Their eldest. A student at Eton. He…” He stopped, choking up a bit at the thought.
“I watched him at dinner, Anne. I watched him sit through a dinner with his parents, perfectly correct, perfectly silent, ignored. And I understood, watching him, what kind of house I have got now. What kind of house you have made of mine. Until last night, I did not understand what you had done, Anne. What you and Celia have done. What Felicity is now that she was not before. I understood it last night in another man’s dining room.
And I understood, at the same time, what I want. ”
“What do you want?”
“What I have, Anne. Which is just this. You. Our girls. Whatever comes, whatever does not come, whoever else this house does or does not someday hold. This. You. I rode home this morning to tell you that.”
She was weeping quietly, without fuss, the tears simply streaming down her face like soft raindrops. He let go of her hand and lifted his own. With his thumb, he very gently wiped her cheek.
“Oh, William,” she hiccupped.
“Yes, my sweet?”
She came into his arms as if she were coming home. She burrowed into his chest, her face pressed against the front of his traveling coat. His arms closed around her, tight and warm. He rested his cheek atop her head and held her.
Outside the door, a small voice said, in a whisper that was not really a whisper at all, “Felicity, I cannot hear anything.”
“That is because we are not meant to hear anything, Celia.”
“But how will we know if they have fixed it?”
“One can tell. Afterward. From their faces.”
“Oh,” Celia said.
A pause, and Anne and William giggled together.

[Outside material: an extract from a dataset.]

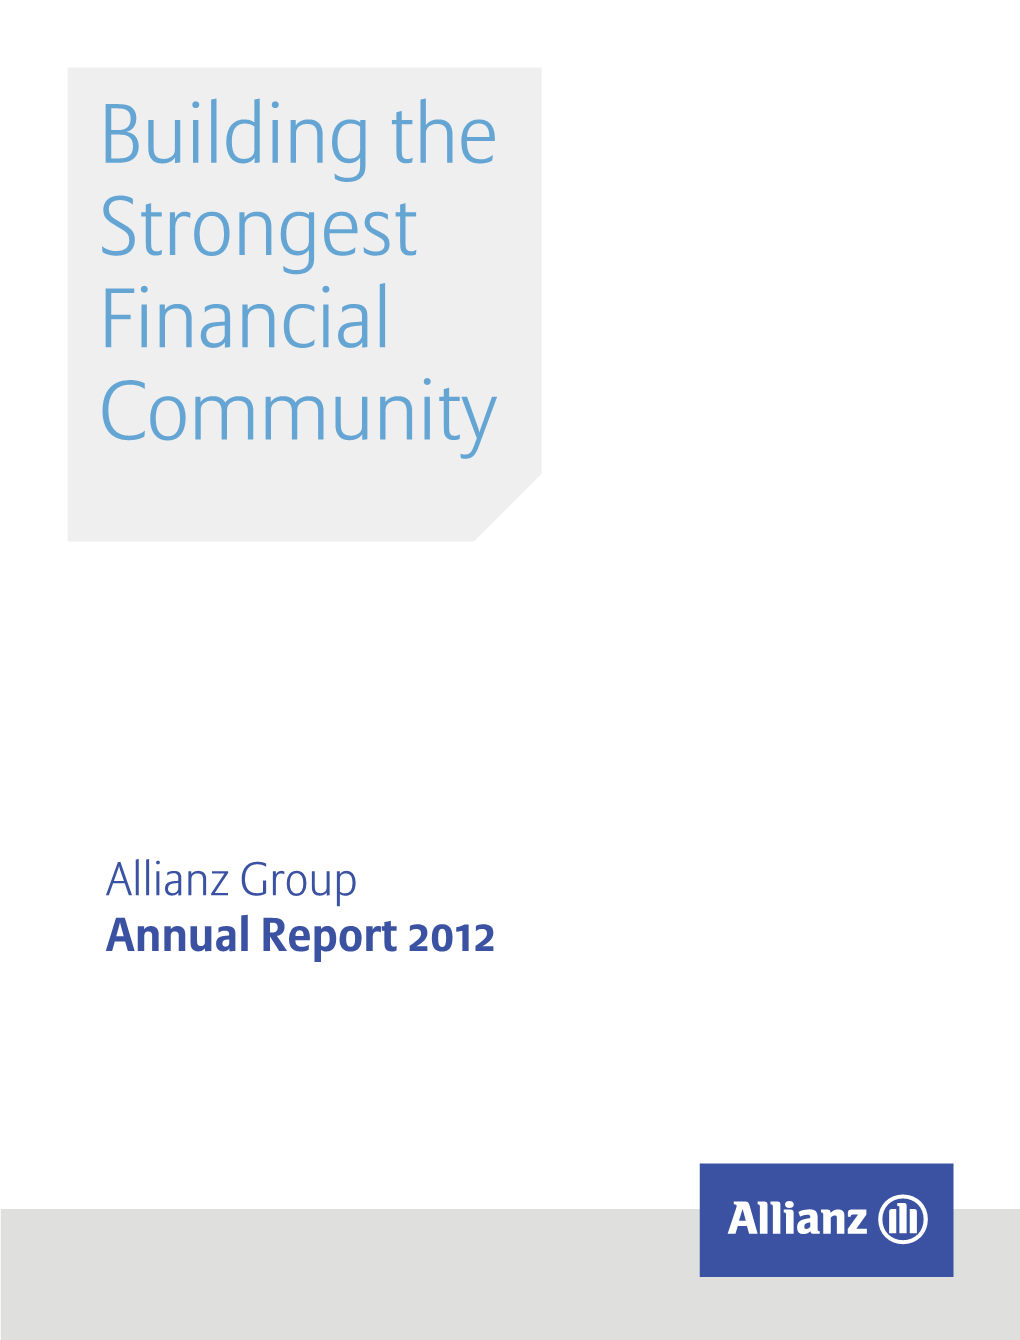 Annual Report Allianz Group

“Felicity,” Celia said finally.
“Yes.”
“I am very hungry,” she sighed.
“So am I,” Felicity agreed.
“Shall we go and have cake?” Celia added.
“Yes, I think we shall.”
“They could be a while. We can return later.”
“I suppose we are truly trapped here,” Anne laughed as two sets of small feet retreated with great ceremony down the passage.
After a moment, William’s shoulders started shaking as he chuckled. He did not loosen his hold on her, but laughed into her hair. She laughed harder into his coat, and at some point, their laughter became something else.
He tilted her face up to his and kissed her. Suddenly, Anne stepped back to look up at him. She kept one hand on the lapels of his coat, as if to assure herself that he was still within reach.